Populations of random (a) and scale-free (b) networks for various average connectivity K
and degree exponents g. Average fitness of 50 independent evolutionary paths.
Macroevolution of Cells and Organisms
There is currently no theory for Macroevolution of cells or multicellular organisms. Still,
there are some intriguing data on in silico evolution.
A simple model of a cell, consisting of an organic nutrient A and an energy carrier X, and
proteins of five types – two transcription factors, two enzymes, and a membrane transporter.
The metabolism of the cell consists of importing A from the environment and utilizing it in
order to produce X and an unspecified end product. The genome may carry an arbitrary
number of genes, each one encoding a protein of one of the five types. Fitness was
determined by the ability of organisms to maintain a constant concentration of X.
Even this very simple model displays complex behavior.
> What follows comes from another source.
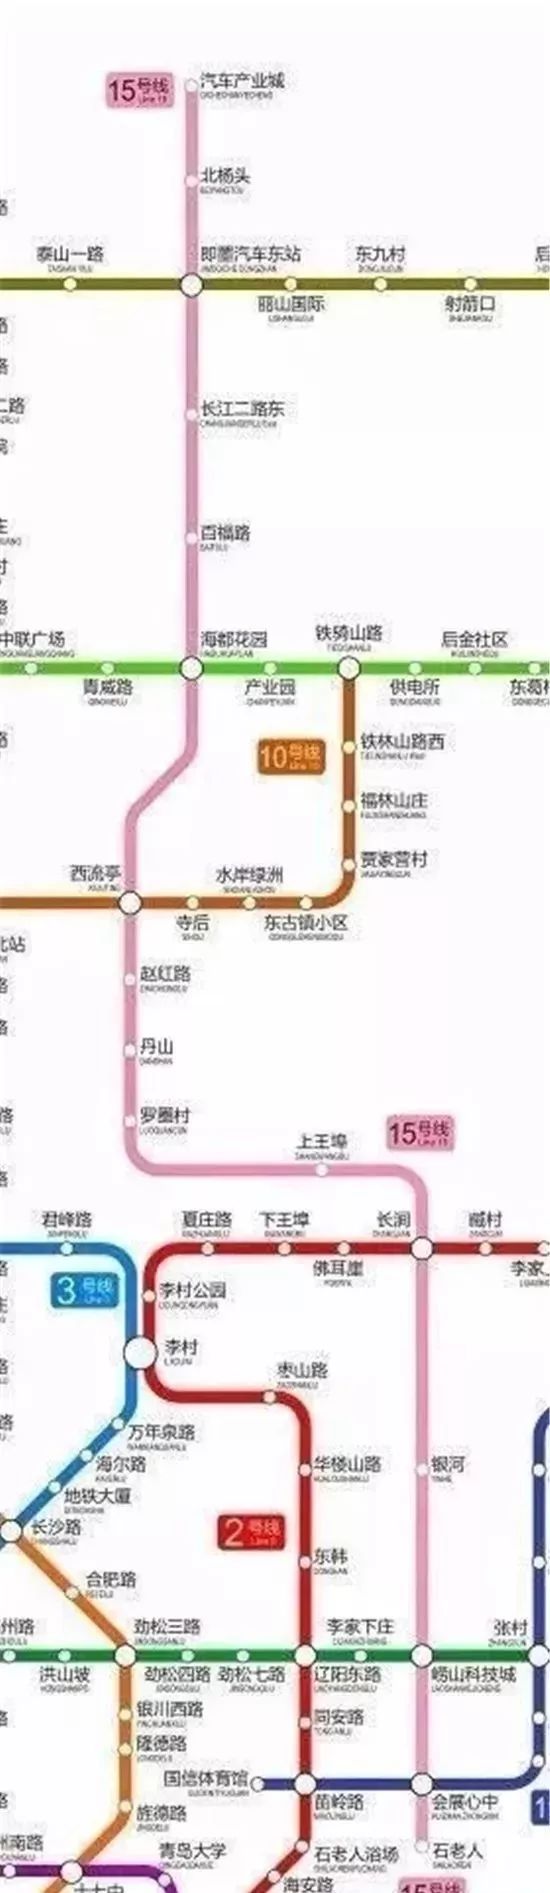 地铁号线,是连接崂山-李沧-城阳-即墨的有一条南北干线.

In particular, there is a high degree
of unpredictability of the outcome of evolution - different experiment performed under the
same conditions produced locally optimal organisms of very different levels of complexity.
Regulatory interactions within a simple evolved organism.
Regulatory interactions within a simple evolved organism, obtained under the
same conditions as the previous one.
Conclusions:
Finally, it became possible to start addressing the key issue in the evolution of life - "how
can complex phenotypes evolve by natural selection?".
Answering this question will be the main task of evolutionary biology, and probably of all
natural sciences, in the XXI century. However, it is not even clear whether there exists a
general theory describing evolution of all kinds of complex functional phenotypes.
Still, if you are interested in studying evolution, consider this subject seriously - you will not
get a Nobel prize for yet another paper on phylogenetics, or paleontology, or Microevolution.
Quiz:
Suppose that you have an ability to predict 3D structure and even function(s) of a protein
from its amino acid sequence. What evolutionary questions will you address, and how?